As stated in the question, this method seems to actually generate optimal SQL code, so while it looks a bit squirrely in LINQ, it should be optimal performance-wise.
from row in MyTable
group row by true into r
select new {
min = r.Min(z => z.FavoriteNumber),
max = r.Max(z => z.FavoriteNumber)
}
I could find only this one which produces somewhat clean sql still not really effective comparing to select min(val), max(val) from table:
var r =
(from min in items.OrderBy(i => i.Value)
from max in items.OrderByDescending(i => i.Value)
select new {min, max}).First();
the sql is
SELECT TOP (1)
[t0].[Value],
[t1].[Value] AS [Value2]
FROM
[TestTable] AS [t0],
[TestTable] AS [t1]
ORDER BY
[t0].[Value],
[t1].[Value] DESC
still there is another option to use single connection for both min and max queries (see Multiple Active Result Sets (MARS))
or stored procedure..
I'm not sure how to translate it into C# yet (I'm working on it)
This is the Haskell version
minAndMax :: Ord a => [a] -> (a,a)
minAndMax [x] = (x,x)
minAndMax (x:xs) = (min a x, max b x)
where (a,b) = minAndMax xs
The C# version should involve Aggregate some how (I think).
You could select the whole table, and do your min and max operations in memory:
var cache = // select *
var min = cache.Min(...);
var max = cache.Max(...);
Depending on how large your dataset is, this might be the way to go about not hitting your database more than once.

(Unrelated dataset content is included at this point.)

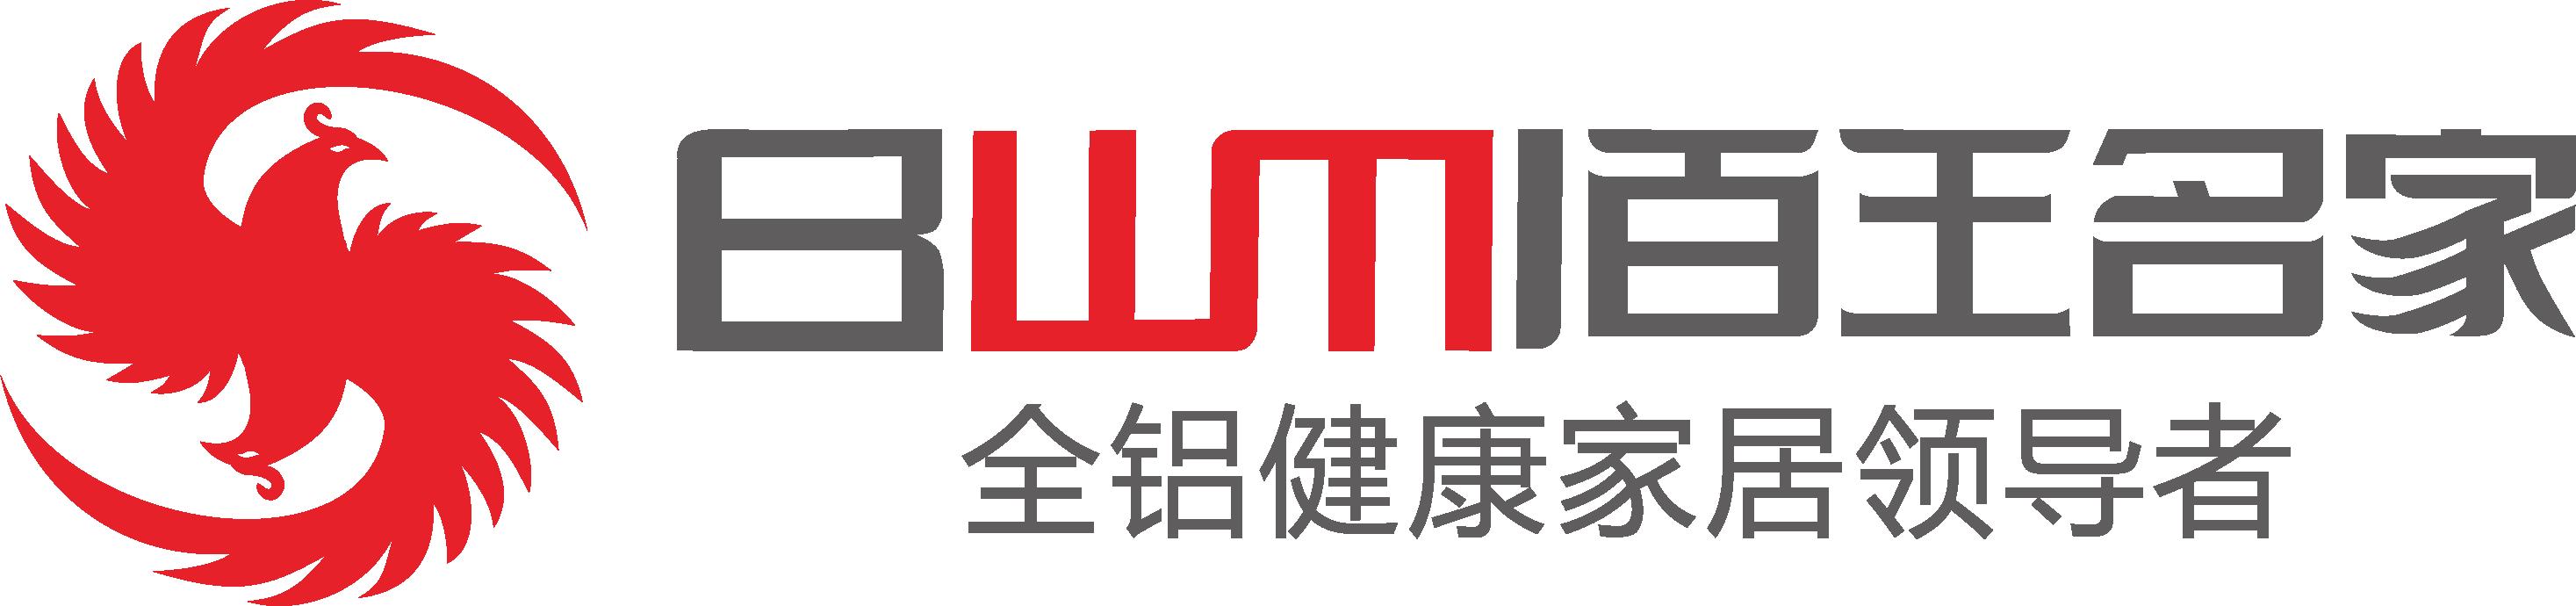 logo 标识 标志 设计 图标 2934_690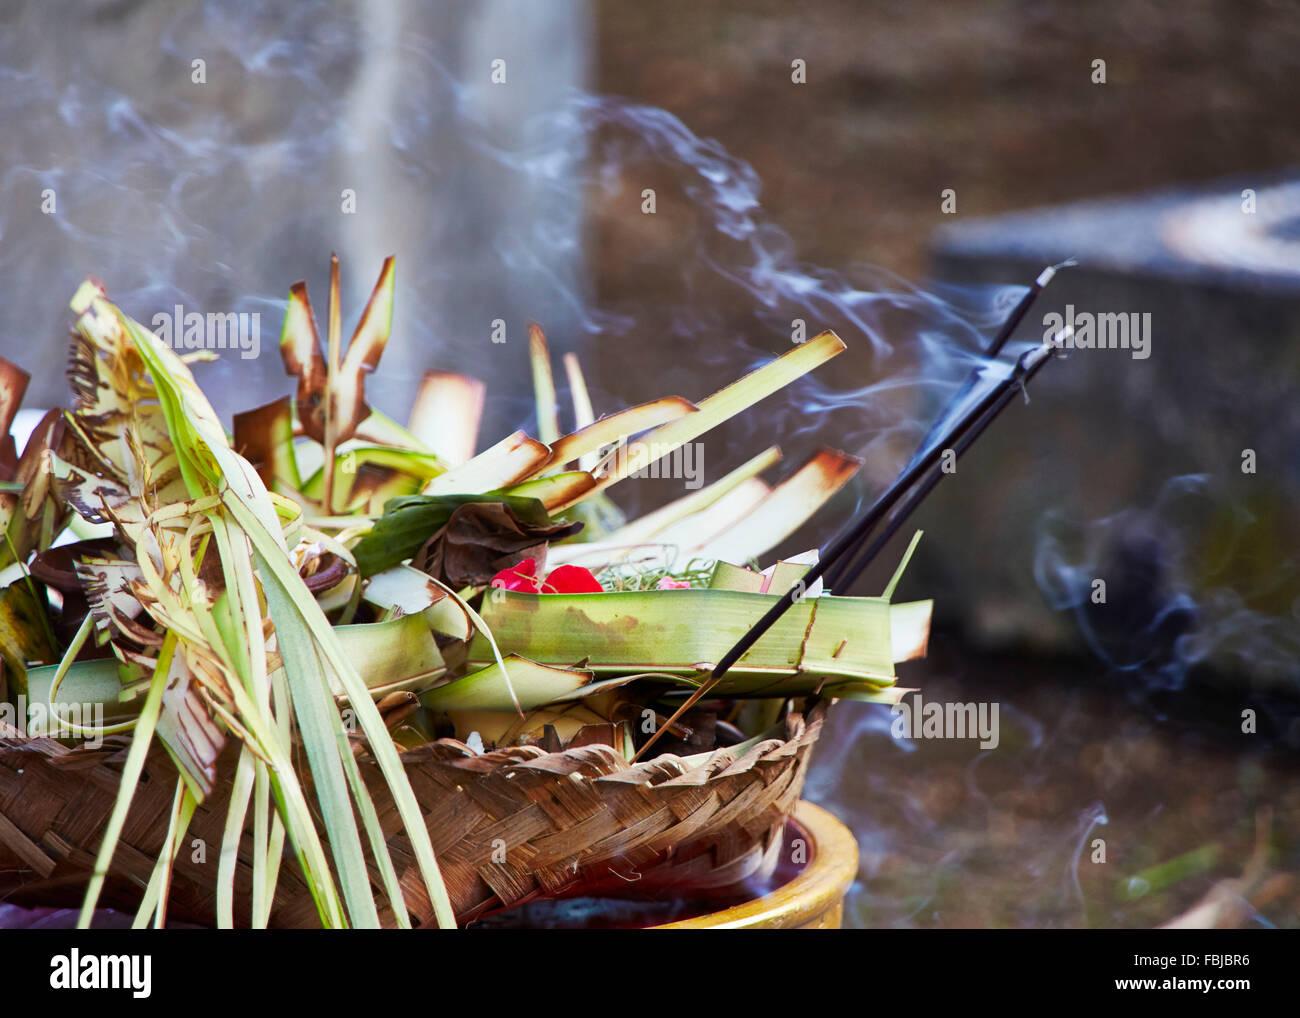 Ofertas, bowl, balineses, reportajes, bodas tradicionales, Bali, Indonesia, Asia Imagen De Stock

A LINQ to SQL query is a single expression. Thus, if you can't express your query in a single expression (or don't like it once you do) then you have to look at other options.
Stored procedures, since they can have statements, enable you to accomplish this in a single round-trip. You will either have two output parameters or select a result set with two rows. Either way, you will need custom code to read the stored procedure's result.
(I don't personally see the need to avoid two round-trips here. It seems like a premature optimization, especially since you will probably have to jump through hoops to get it working. Not to mention the time you will spend justifying this decision and explaining the solution to other developers.)
Put another way: you've already answered your own question. "I can't use the .Min without grouping first", followed by "that crazy group clause seems silly, and the SQL it makes is more complex than it needs to be", are clues that the simple and easily-understood two-round-trip solution is the best expression of your intent (unless you write custom SQL).